5 miles of lights and 90 gallons of water per day: The Rockefeller Center Christmas tree, by the numbers

The Rockefeller Center Christmas tree is lifted into place after arriving in New York City on Saturday, November 11, 2023. [Photo: Lokman Vural Elibol/Anadolu via Getty Images]

BY Sarah Bregel2 minute read

It’s not officially the holiday season until the Rockefeller Center Christmas tree arrives, which it did early Saturday morning. Hailing from Vestal, New York, the 80-foot tall, 43-foot wide Norway spruce was cut down on Thursday and transported some 200 miles to Rockefeller Plaza in Midtown Manhattan. It took a flatbed truck and a crane to place the 12-ton tree on its perch next to the ice-skating rink.

The entire venture is costly, but it’s a quintessential New York City tradition known round the world, bringing untold joy. You can’t put a price on that! The first tree dates back to 1931—it was a “gift” from some of the workers on site at the Depression-era construction of Rockefeller Center. Grateful to be employed, they pooled their money and bought a 20-foot balsam fir, which they decorated on Christmas Eve with paper garlands and strings of cranberries their families made. Wages were handed out under the tree.

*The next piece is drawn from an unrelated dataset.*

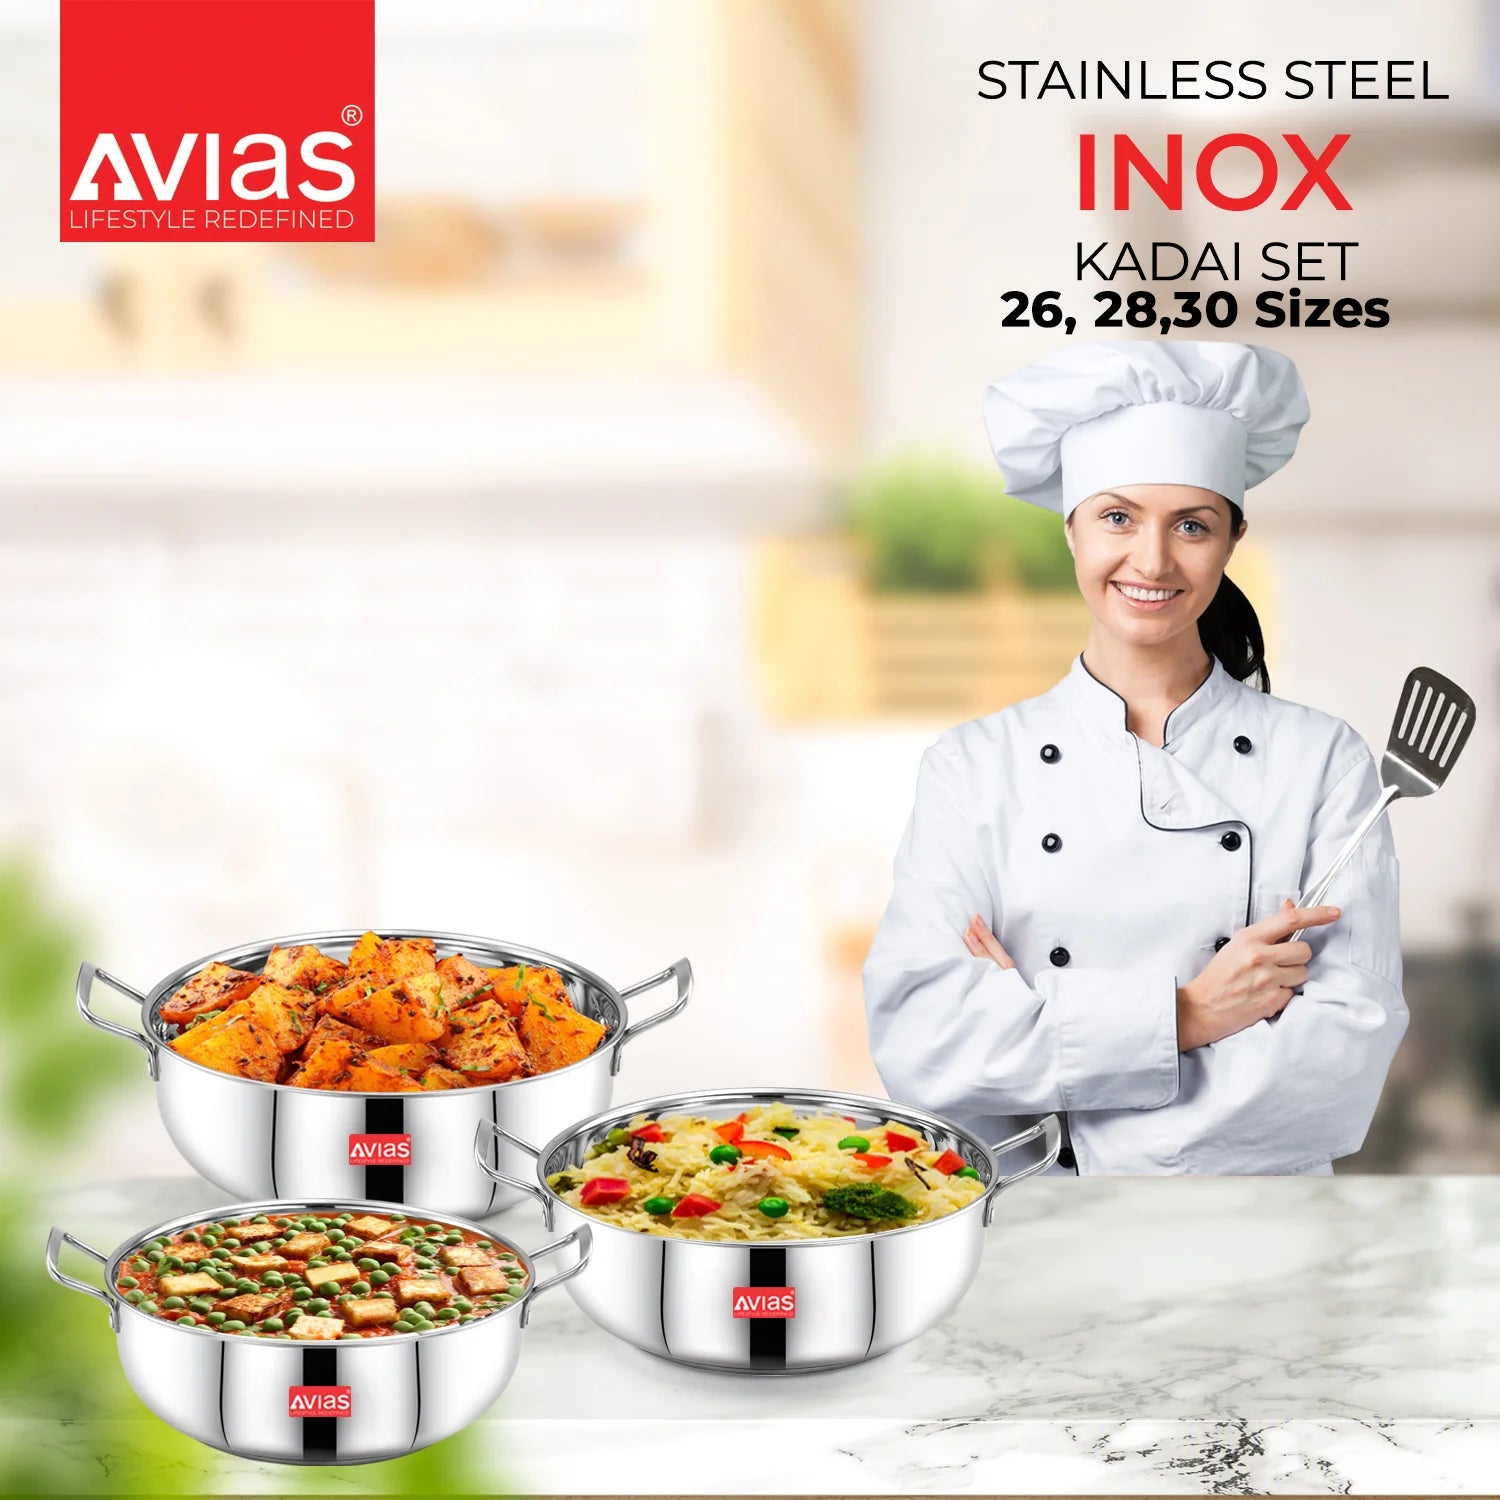 AVIAS Inox IB stainless steel kadai for ooking quality food in kitchen

It wasn’t till two years later that Rockefeller Center established the yearly tradition: erecting a 50-foot-tall evergreen, decorating it with some 700 lights, and organizing a tree-lighting ceremony.

The tree itself is donated each year—fortunately, since estimates for this year’s tree alone put it at a cost of upwards of $70K. Also luckily, Rockefeller Center’s corporate owner, Tishman Speyer, absorbs the massive cost associated with transporting the tree each year.

While delivering such an enormous tree is a feat all its own, decorating it is another. Lighting the tree is the main event. LED lights have been used since 2007. It was certainly an eco-friendly move, considering the number of lights has gone up over the years from 30,000 to the current 50,000. That’s approximately 5 miles of wire to adorn a tree this size. The electric bill was more than cut in half with the shift to LED bulbs, as the energy consumption went from 3,510 to 1,297 kwH per day, about as much as a 2,000-square-foot home pays for electricity in a month.

 While the strings and strings (and strings!) of colored lights aren’t cheap, the real cost of sprucing up the tree is in the labor. Hundreds of workers are hired, including around 20 electricians, and the process is incredibly labor-intensive. It involves putting up scaffolding, which takes 2 full days before the adorning can even begin. And it ends with the crowning of a gorgeous 9-foot, 900-pound star covered in 3 million Swarovski crystals, designed by architect Daniel Libeskind in 2018. Some have estimated the star would cost $1.5M.

Engineers, carpenters, gardeners, and a variety of other workers are also involved in everything from safely securing the tree to keeping it looking lush and beautiful into January. According to head gardener Erik Pauze, that’s about 90-gallons of water a day.

And as it is every year, it will all be worth it come the Wednesday after Thanksgiving—that’s the annual official date for the tree lighting, which this year is November 29. The ceremony is broadcast all over the world and includes performers and other celebrities. The tree remains at Rockefeller Plaza through early January and is expected to have something like 750,000 visitors a day this year. As of 2019, more than a half a million people passed by the tree every day, according to Rockefeller Center data. But don’t let the numbers scare you. The joy is contagious—and an in-person visit to the Rockefeller Christmas Tree is priceless.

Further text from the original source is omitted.